Learning so many new works is a challenge for all the players, but “as a percussionist, we have unique issues,” says Michael Werner, SSO’s principal percussionist. For one thing, contemporary composers tend to write percussion parts vastly more prominent and difficult than those in older music. Also, while a SSO violinist, for instance, plays only the violin, and generally uses the same one for every performance, percussionists have to master dozens of instruments, and select just the right specimen for each piece to fit the musical big picture. (For any given triangle part, Werner can choose from among the nine he owns.) And these decisions can’t always be made in advance: “Sometimes even looking at the score, you can’t really know how you fit in,” says Warner. “You can guess what a composer intends, but until you get in there, you don’t know.” After his first run-through of On Wings of Light, for example, Werner decides to switch to a smaller bass-drum beater to make a brighter, tighter sound more apropos for the fast tempo.

Copyist Rob Olivia, SSO associate music librarian, is also working harder than usual this season. On his desk is a list of the 18 commissioned works; next to some is the notation “everything,” meaning that for these pieces it’s Olivia’s responsibility to prepare the score and parts. Some composers have provided these materials themselves. Others, due to the looming deadline (the composer lineup was just finalized this summer), have given the SSO only a pencil manuscript.

Right now Olivia is using Sibelius 6, state-of-the-art music-notation software, to work on David Stock’s Blast. The first performance is November 4, and the players are (contractually) entitled to get their parts two weeks before the first rehearsal. Olivia received Stock’s score on September 20, but the quick turnaround doesn’t faze him after years spent working in Hollywood, where he sometimes had less than a day to extract parts from a film composer’s manuscript. With a career based on new music (he’s also Schwarz’s preferred copyist for his own compositions), Olivia is brightly enthusiastic about this project—and moved, too: “These are gifts,” he says of the commissions, “outpourings of gratitude for [Schwarz], who’s done so much for American composers.”

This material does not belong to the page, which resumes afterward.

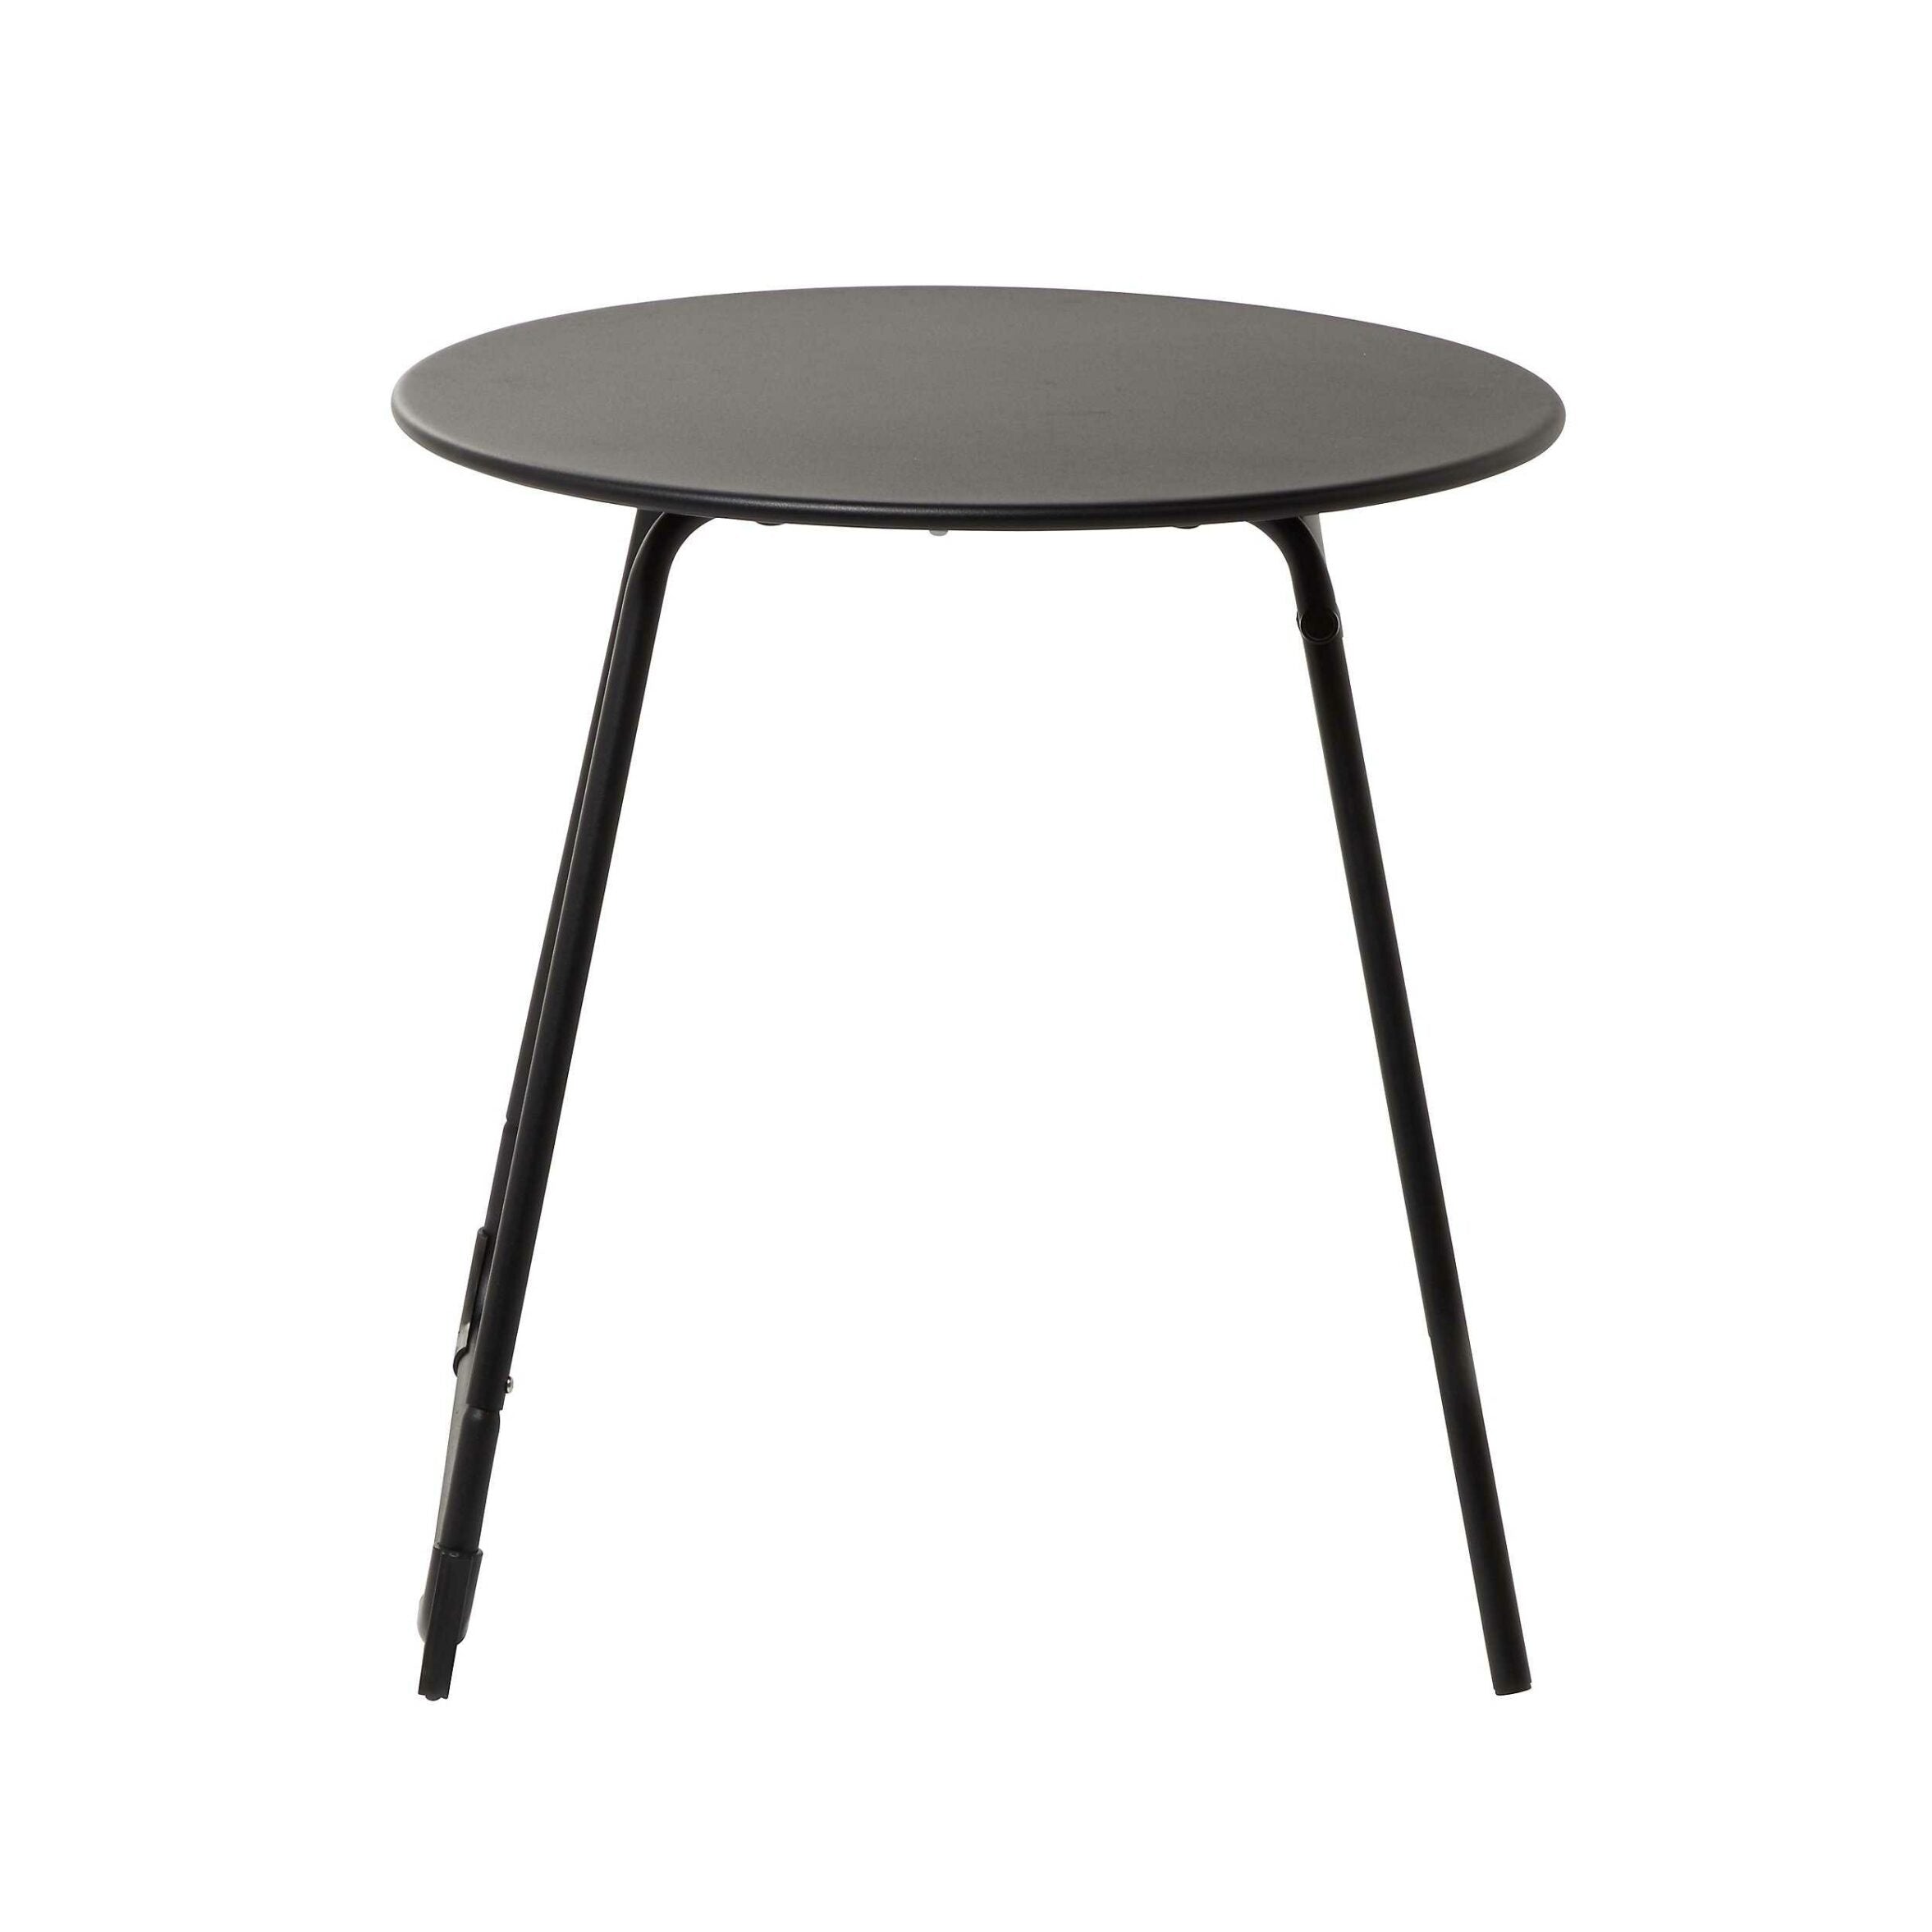 Garden Table GoodHome Morillo Metal Table Water resistant 500mm - Black - 4055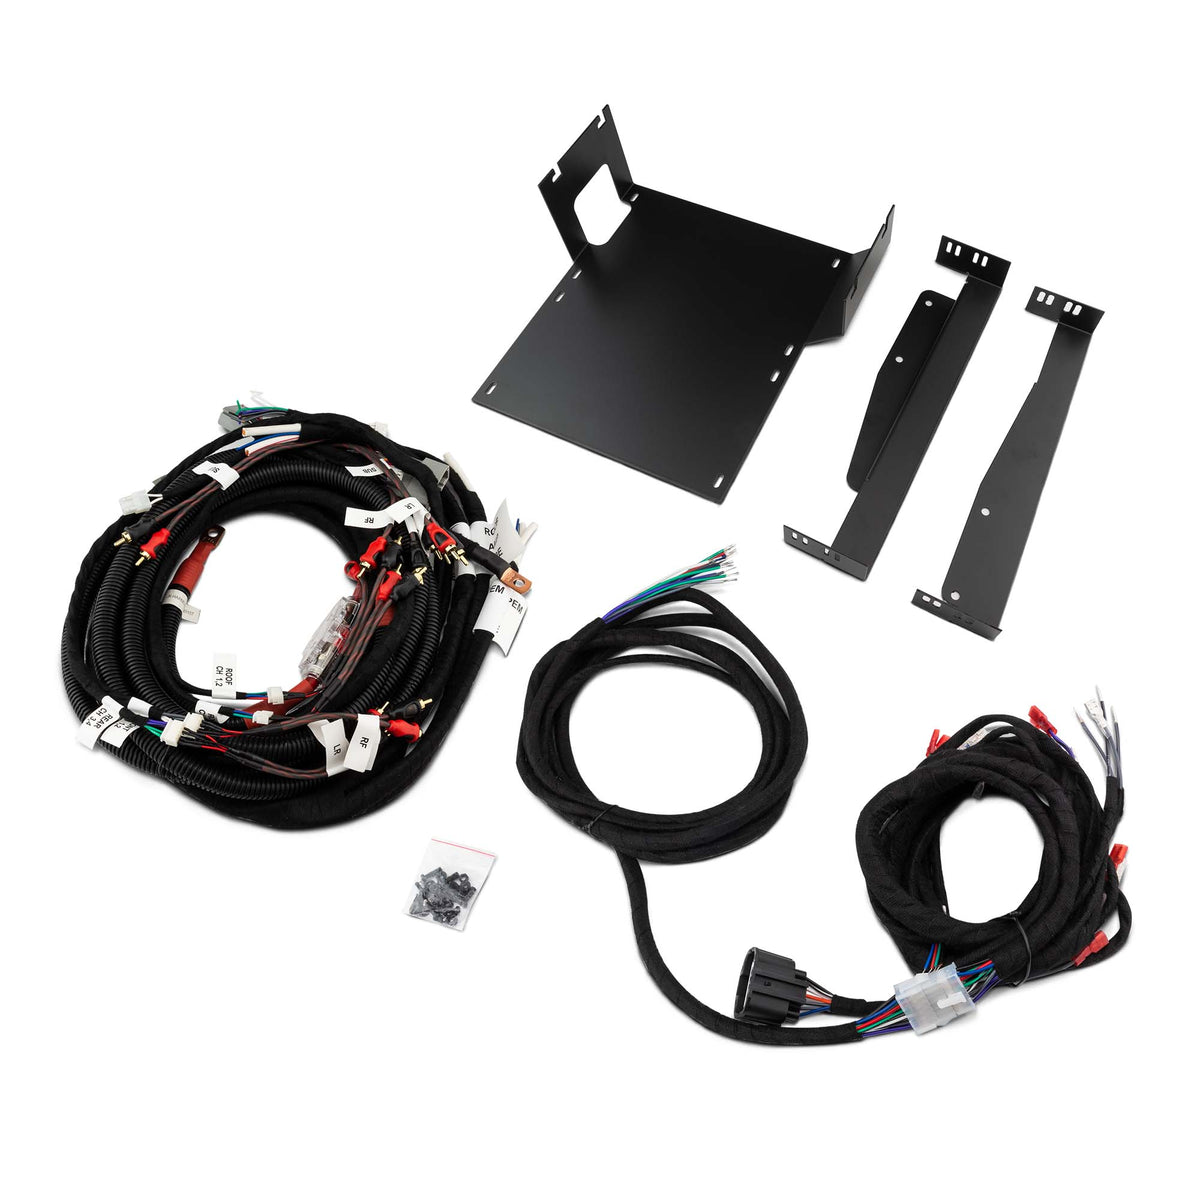 Jeep JK Plug and Play Harness for JK-SBAR Overhead Bar System, Amplifier and SQBASS Underseat Subwoofer

Not all the 18 composers will visit Seattle to hear their works performed, but Jones, in his 14th season as SSO composer-in-residence, will definitely be present at this week’s rehearsals and Saturday’s premiere of his Organ Benediction. (It’s a reworking of the ravishing Benediction the SSO recorded on its recent Echoes CD.) If this season’s series of premieres becomes business-as-usual for the players, it’ll remain a unique experience for each composer.

“It never fails to be overwhelming,” Jones says of the process of turning a composer’s dots and lines on paper into audible reality. “There is a certain almost-miraculous experience, the first time you actually hear those notes you’ve been thinking about. You hear them in your head, of course, and the more experience you have, the more you know what’s about to happen. But hearing the piece in your head and then hearing it live is analogous to kissing your wife over the telephone. The real thing is so much better.”